In-universe information
- Type: Italian meat market
- Address: 101 Kearny Avenue
- Location: Kearny, New Jersey
- Owner: DiMeo crime family
- Purpose: Legitimate business front

= Satriale's Pork Store =

Fictional butchery

Satriale's Pork Store is a fictional establishment on the HBO series The Sopranos. During the 1970s, the pork store was taken over by Johnny Soprano, a capo in the DiMeo crime family, when Francis Satriale failed to make payments on a gambling debt. It became a regular hangout for current members of the DiMeo crime family.
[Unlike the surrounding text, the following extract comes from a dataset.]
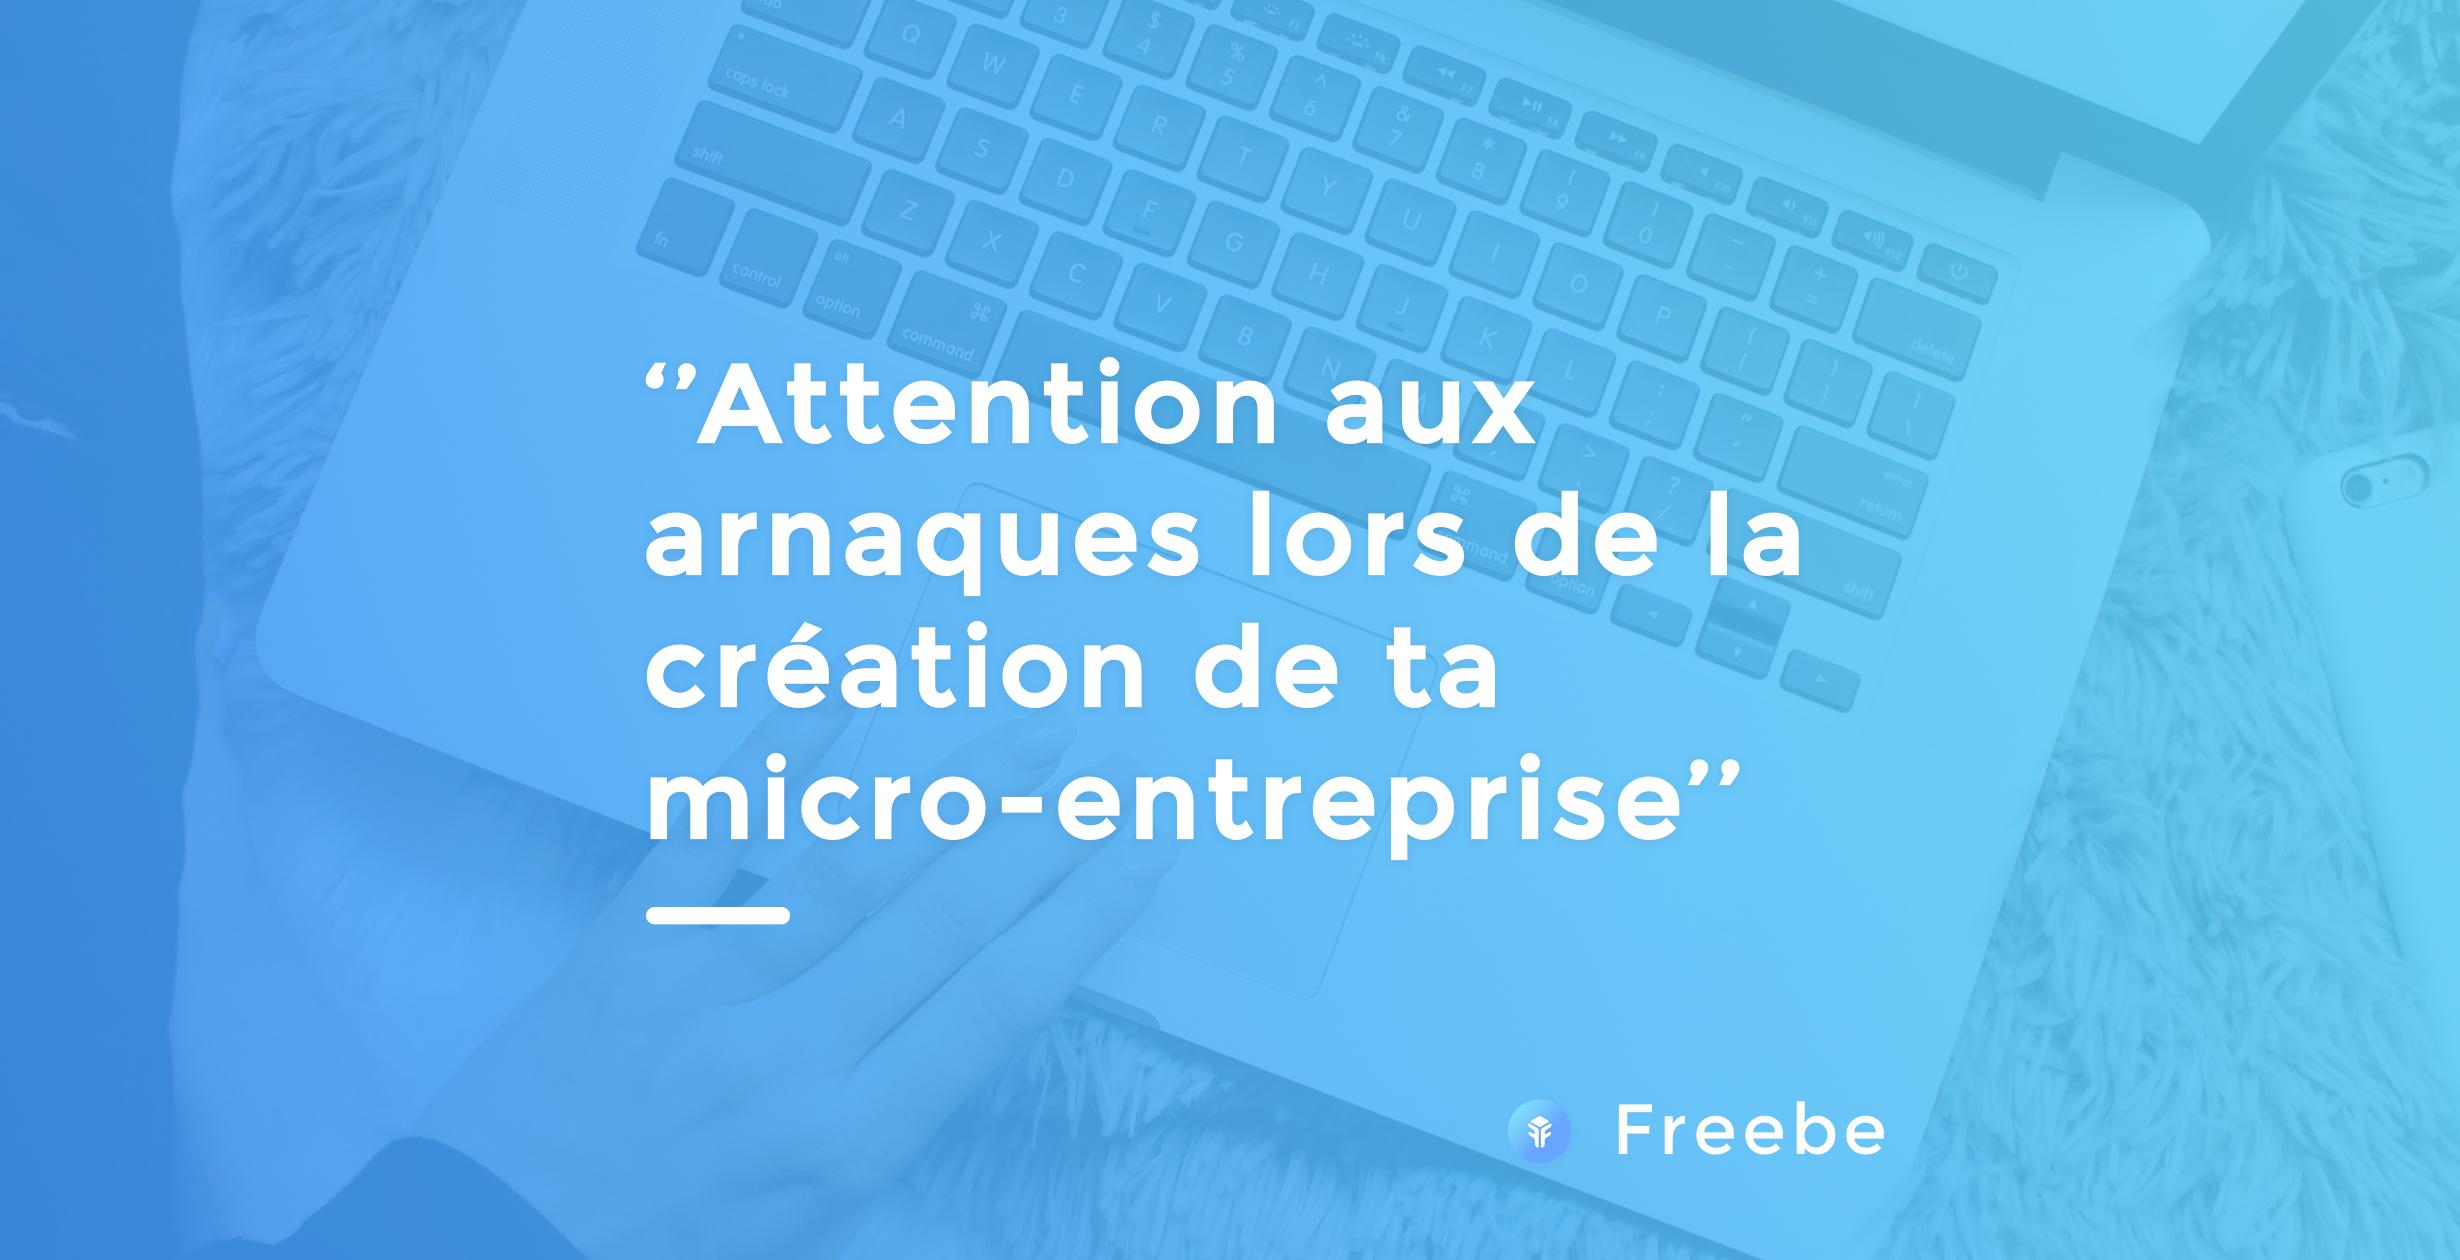 Freebe : Micro-entrepreneur : comment reconnaître les arnaques ?
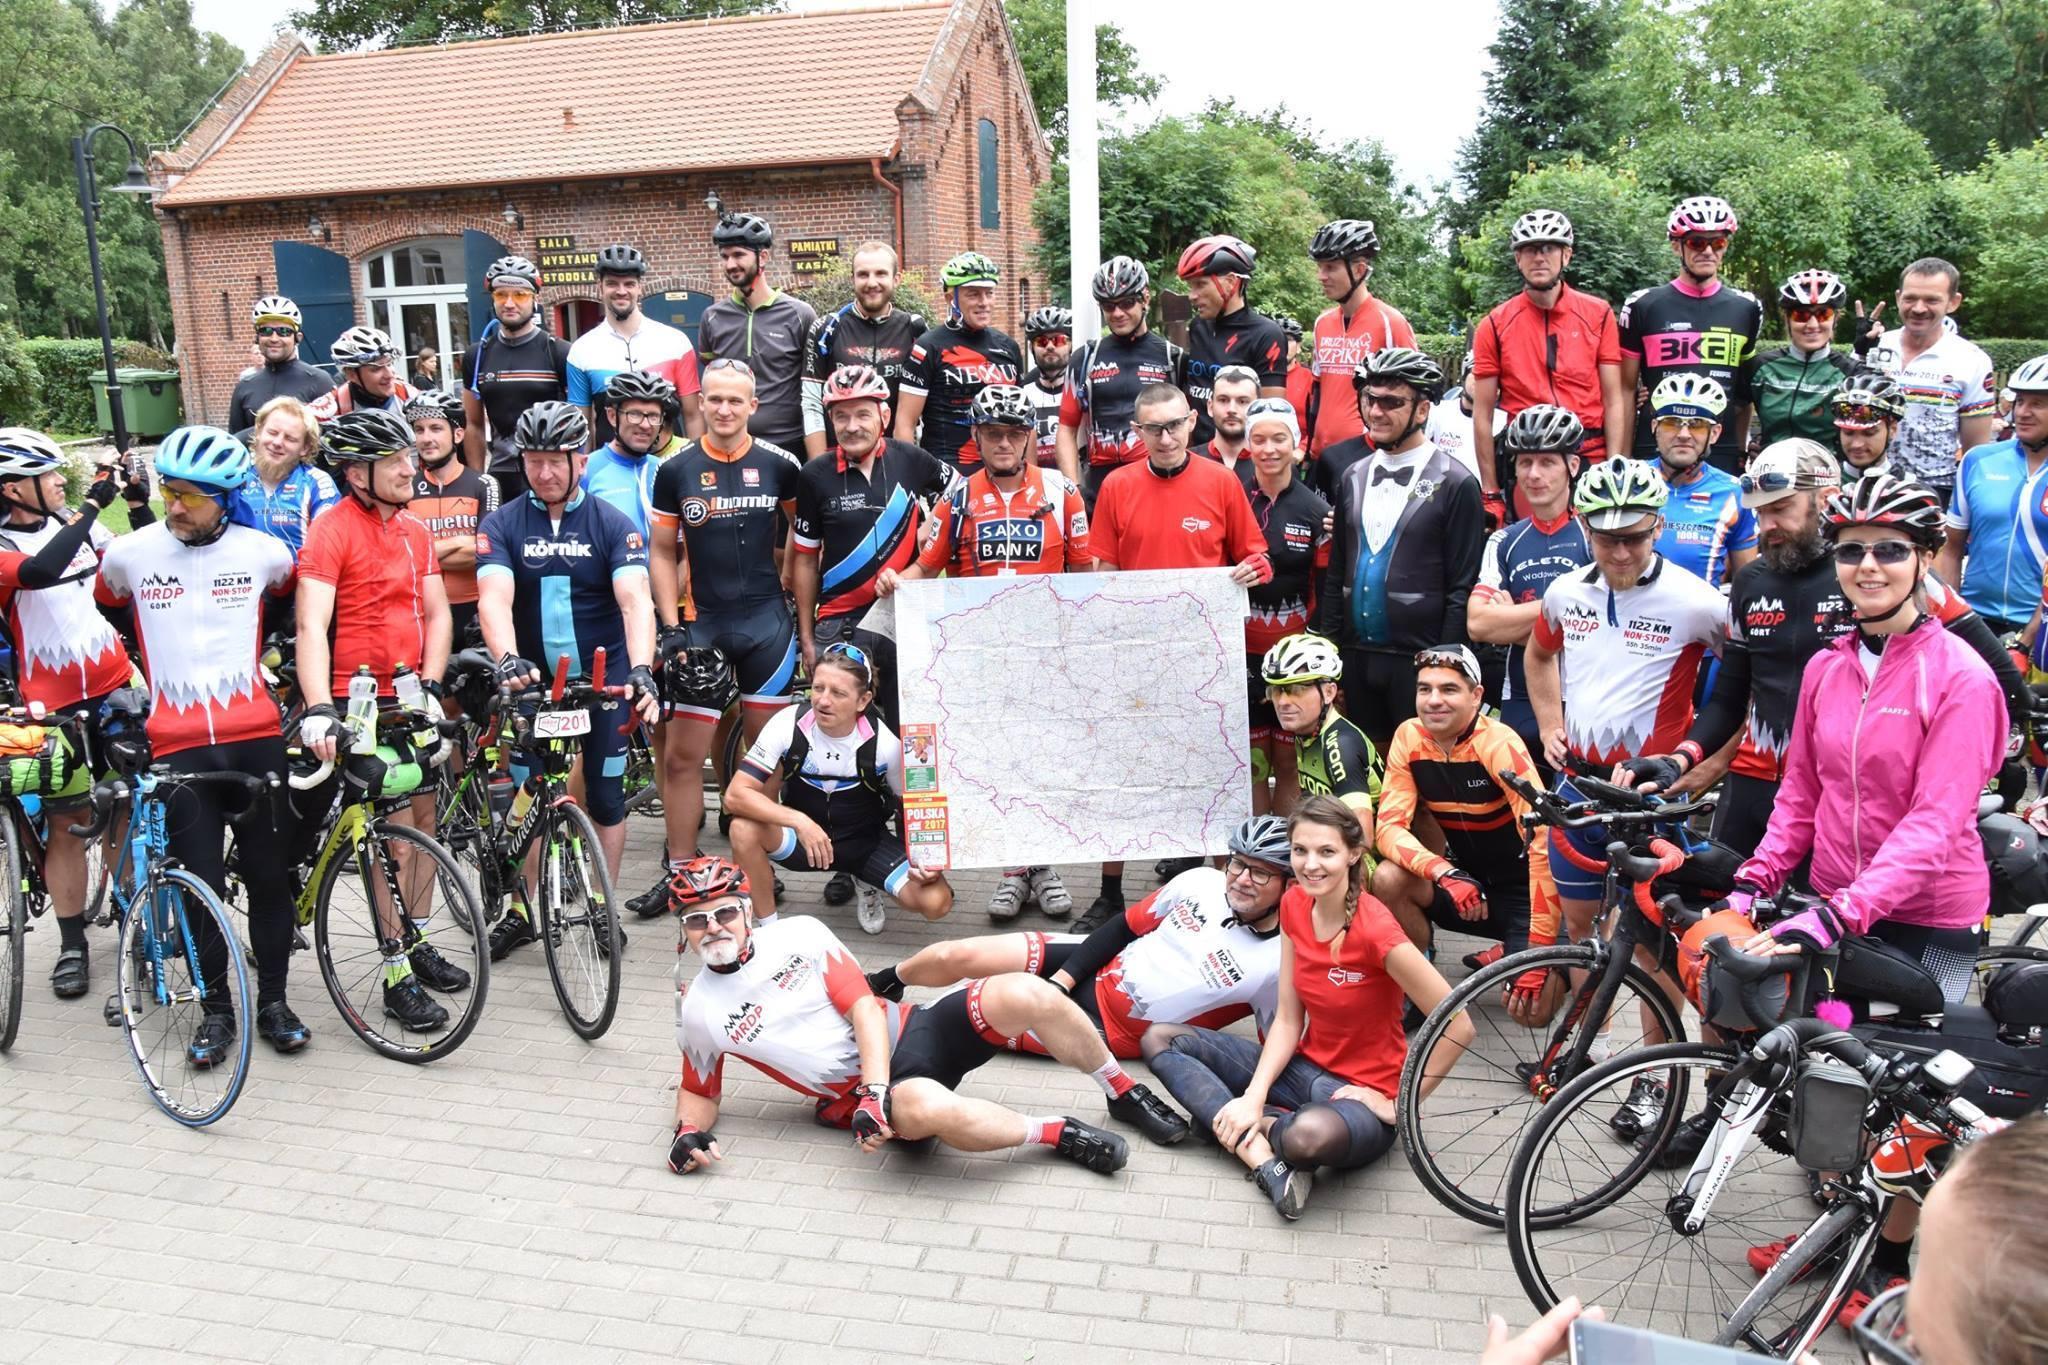 3200 kilometrów dookoła Polski i to w 10 dni! Na starcie trzech pasjonatów kolarstwa z Podkarpacia [ZDJĘCIA, TRASA] - Zdjęcie główne

The filming location was in Kearny, New Jersey. Satriale's Pork Store was recreated at 42 Market Street in Paterson in 2019 for the filming of The Many Saints of Newark, a prequel to The Sopranos.

== Location ==
Satriale's Pork Store is a meat market in Kearny, New Jersey. Although a mob-owned establishment, Satriale's runs a legitimate business, selling a variety of meats, including pork and sausage, as well as deli-style sandwiches. The store also has a coffee bar that sells pastries and espresso, as seen in several episodes. In the large storefront windows hang cured hams and trussed pig carcasses, coils of pink-and-beige sausages, and other miscellaneous meats, including a denuded chicken with its beak still in place.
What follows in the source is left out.